* [The problem]:
The data below should be duplicated in full, unchanged.

* [Study material]:
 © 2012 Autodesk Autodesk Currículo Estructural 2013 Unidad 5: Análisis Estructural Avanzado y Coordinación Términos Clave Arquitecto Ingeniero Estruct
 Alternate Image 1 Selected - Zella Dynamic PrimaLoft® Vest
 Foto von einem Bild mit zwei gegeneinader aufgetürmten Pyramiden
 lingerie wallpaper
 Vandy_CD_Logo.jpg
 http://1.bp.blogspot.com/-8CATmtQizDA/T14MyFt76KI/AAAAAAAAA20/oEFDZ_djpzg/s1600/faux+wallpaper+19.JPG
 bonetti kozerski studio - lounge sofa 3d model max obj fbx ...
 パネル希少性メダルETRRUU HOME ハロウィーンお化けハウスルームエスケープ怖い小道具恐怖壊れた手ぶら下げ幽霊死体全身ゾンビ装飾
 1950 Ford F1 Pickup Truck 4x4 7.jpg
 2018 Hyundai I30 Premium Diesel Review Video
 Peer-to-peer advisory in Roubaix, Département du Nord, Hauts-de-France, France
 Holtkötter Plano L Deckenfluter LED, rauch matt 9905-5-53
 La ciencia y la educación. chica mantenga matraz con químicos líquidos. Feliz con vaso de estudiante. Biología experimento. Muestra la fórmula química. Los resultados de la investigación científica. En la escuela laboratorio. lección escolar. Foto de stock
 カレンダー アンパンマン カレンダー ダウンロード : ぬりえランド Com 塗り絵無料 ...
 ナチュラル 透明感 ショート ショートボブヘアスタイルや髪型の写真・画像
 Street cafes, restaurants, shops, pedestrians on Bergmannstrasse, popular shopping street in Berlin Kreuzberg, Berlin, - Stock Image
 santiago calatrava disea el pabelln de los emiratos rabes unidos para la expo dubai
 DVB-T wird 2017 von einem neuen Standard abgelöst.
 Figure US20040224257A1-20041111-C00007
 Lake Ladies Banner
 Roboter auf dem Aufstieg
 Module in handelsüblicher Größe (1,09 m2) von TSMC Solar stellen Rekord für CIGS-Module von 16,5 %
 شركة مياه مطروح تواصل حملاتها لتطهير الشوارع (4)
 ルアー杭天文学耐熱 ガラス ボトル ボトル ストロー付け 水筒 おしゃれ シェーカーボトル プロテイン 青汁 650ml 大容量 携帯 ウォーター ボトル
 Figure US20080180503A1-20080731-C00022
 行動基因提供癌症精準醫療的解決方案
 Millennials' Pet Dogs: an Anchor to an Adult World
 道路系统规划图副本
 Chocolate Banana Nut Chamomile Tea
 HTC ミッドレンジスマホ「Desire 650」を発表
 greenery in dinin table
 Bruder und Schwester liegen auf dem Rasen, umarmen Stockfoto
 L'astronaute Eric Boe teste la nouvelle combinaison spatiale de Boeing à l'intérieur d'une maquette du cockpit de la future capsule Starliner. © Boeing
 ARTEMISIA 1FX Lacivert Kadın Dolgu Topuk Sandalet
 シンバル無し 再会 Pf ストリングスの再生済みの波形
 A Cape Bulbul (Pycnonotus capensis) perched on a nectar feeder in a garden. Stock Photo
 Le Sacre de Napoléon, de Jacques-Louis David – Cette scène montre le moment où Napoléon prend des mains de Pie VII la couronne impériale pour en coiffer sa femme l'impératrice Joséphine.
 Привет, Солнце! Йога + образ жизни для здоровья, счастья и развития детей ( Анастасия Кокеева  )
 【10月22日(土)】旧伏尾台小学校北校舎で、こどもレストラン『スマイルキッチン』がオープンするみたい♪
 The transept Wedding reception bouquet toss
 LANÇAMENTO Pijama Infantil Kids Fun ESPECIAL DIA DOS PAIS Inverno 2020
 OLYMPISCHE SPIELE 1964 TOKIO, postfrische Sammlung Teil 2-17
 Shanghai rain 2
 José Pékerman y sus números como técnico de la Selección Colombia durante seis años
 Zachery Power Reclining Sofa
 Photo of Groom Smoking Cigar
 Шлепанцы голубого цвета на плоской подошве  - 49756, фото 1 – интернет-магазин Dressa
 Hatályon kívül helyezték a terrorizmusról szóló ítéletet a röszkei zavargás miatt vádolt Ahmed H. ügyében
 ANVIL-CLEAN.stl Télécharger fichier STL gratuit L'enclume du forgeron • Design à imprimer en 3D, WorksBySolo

* [Exercise answer]:
 © 2012 Autodesk Autodesk Currículo Estructural 2013 Unidad 5: Análisis Estructural Avanzado y Coordinación Términos Clave Arquitecto Ingeniero Estruct
 Alternate Image 1 Selected - Zella Dynamic PrimaLoft® Vest
 Foto von einem Bild mit zwei gegeneinader aufgetürmten Pyramiden
 lingerie wallpaper
 Vandy_CD_Logo.jpg
 http://1.bp.blogspot.com/-8CATmtQizDA/T14MyFt76KI/AAAAAAAAA20/oEFDZ_djpzg/s1600/faux+wallpaper+19.JPG
 bonetti kozerski studio - lounge sofa 3d model max obj fbx ...
 パネル希少性メダルETRRUU HOME ハロウィーンお化けハウスルームエスケープ怖い小道具恐怖壊れた手ぶら下げ幽霊死体全身ゾンビ装飾
 1950 Ford F1 Pickup Truck 4x4 7.jpg
 2018 Hyundai I30 Premium Diesel Review Video
 Peer-to-peer advisory in Roubaix, Département du Nord, Hauts-de-France, France
 Holtkötter Plano L Deckenfluter LED, rauch matt 9905-5-53
 La ciencia y la educación. chica mantenga matraz con químicos líquidos. Feliz con vaso de estudiante. Biología experimento. Muestra la fórmula química. Los resultados de la investigación científica. En la escuela laboratorio. lección escolar. Foto de stock
 カレンダー アンパンマン カレンダー ダウンロード : ぬりえランド Com 塗り絵無料 ...
 ナチュラル 透明感 ショート ショートボブヘアスタイルや髪型の写真・画像
 Street cafes, restaurants, shops, pedestrians on Bergmannstrasse, popular shopping street in Berlin Kreuzberg, Berlin, - Stock Image
 santiago calatrava disea el pabelln de los emiratos rabes unidos para la expo dubai
 DVB-T wird 2017 von einem neuen Standard abgelöst.
 Figure US20040224257A1-20041111-C00007
 Lake Ladies Banner
 Roboter auf dem Aufstieg
 Module in handelsüblicher Größe (1,09 m2) von TSMC Solar stellen Rekord für CIGS-Module von 16,5 %
 شركة مياه مطروح تواصل حملاتها لتطهير الشوارع (4)
 ルアー杭天文学耐熱 ガラス ボトル ボトル ストロー付け 水筒 おしゃれ シェーカーボトル プロテイン 青汁 650ml 大容量 携帯 ウォーター ボトル
 Figure US20080180503A1-20080731-C00022
 行動基因提供癌症精準醫療的解決方案
 Millennials' Pet Dogs: an Anchor to an Adult World
 道路系统规划图副本
 Chocolate Banana Nut Chamomile Tea
 HTC ミッドレンジスマホ「Desire 650」を発表
 greenery in dinin table
 Bruder und Schwester liegen auf dem Rasen, umarmen Stockfoto
 L'astronaute Eric Boe teste la nouvelle combinaison spatiale de Boeing à l'intérieur d'une maquette du cockpit de la future capsule Starliner. © Boeing
 ARTEMISIA 1FX Lacivert Kadın Dolgu Topuk Sandalet
 シンバル無し 再会 Pf ストリングスの再生済みの波形
 A Cape Bulbul (Pycnonotus capensis) perched on a nectar feeder in a garden. Stock Photo
 Le Sacre de Napoléon, de Jacques-Louis David – Cette scène montre le moment où Napoléon prend des mains de Pie VII la couronne impériale pour en coiffer sa femme l'impératrice Joséphine.
 Привет, Солнце! Йога + образ жизни для здоровья, счастья и развития детей ( Анастасия Кокеева  )
 【10月22日(土)】旧伏尾台小学校北校舎で、こどもレストラン『スマイルキッチン』がオープンするみたい♪
 The transept Wedding reception bouquet toss
 LANÇAMENTO Pijama Infantil Kids Fun ESPECIAL DIA DOS PAIS Inverno 2020
 OLYMPISCHE SPIELE 1964 TOKIO, postfrische Sammlung Teil 2-17
 Shanghai rain 2
 José Pékerman y sus números como técnico de la Selección Colombia durante seis años
 Zachery Power Reclining Sofa
 Photo of Groom Smoking Cigar
 Шлепанцы голубого цвета на плоской подошве  - 49756, фото 1 – интернет-магазин Dressa
 Hatályon kívül helyezték a terrorizmusról szóló ítéletet a röszkei zavargás miatt vádolt Ahmed H. ügyében
 ANVIL-CLEAN.stl Télécharger fichier STL gratuit L'enclume du forgeron • Design à imprimer en 3D, WorksBySolo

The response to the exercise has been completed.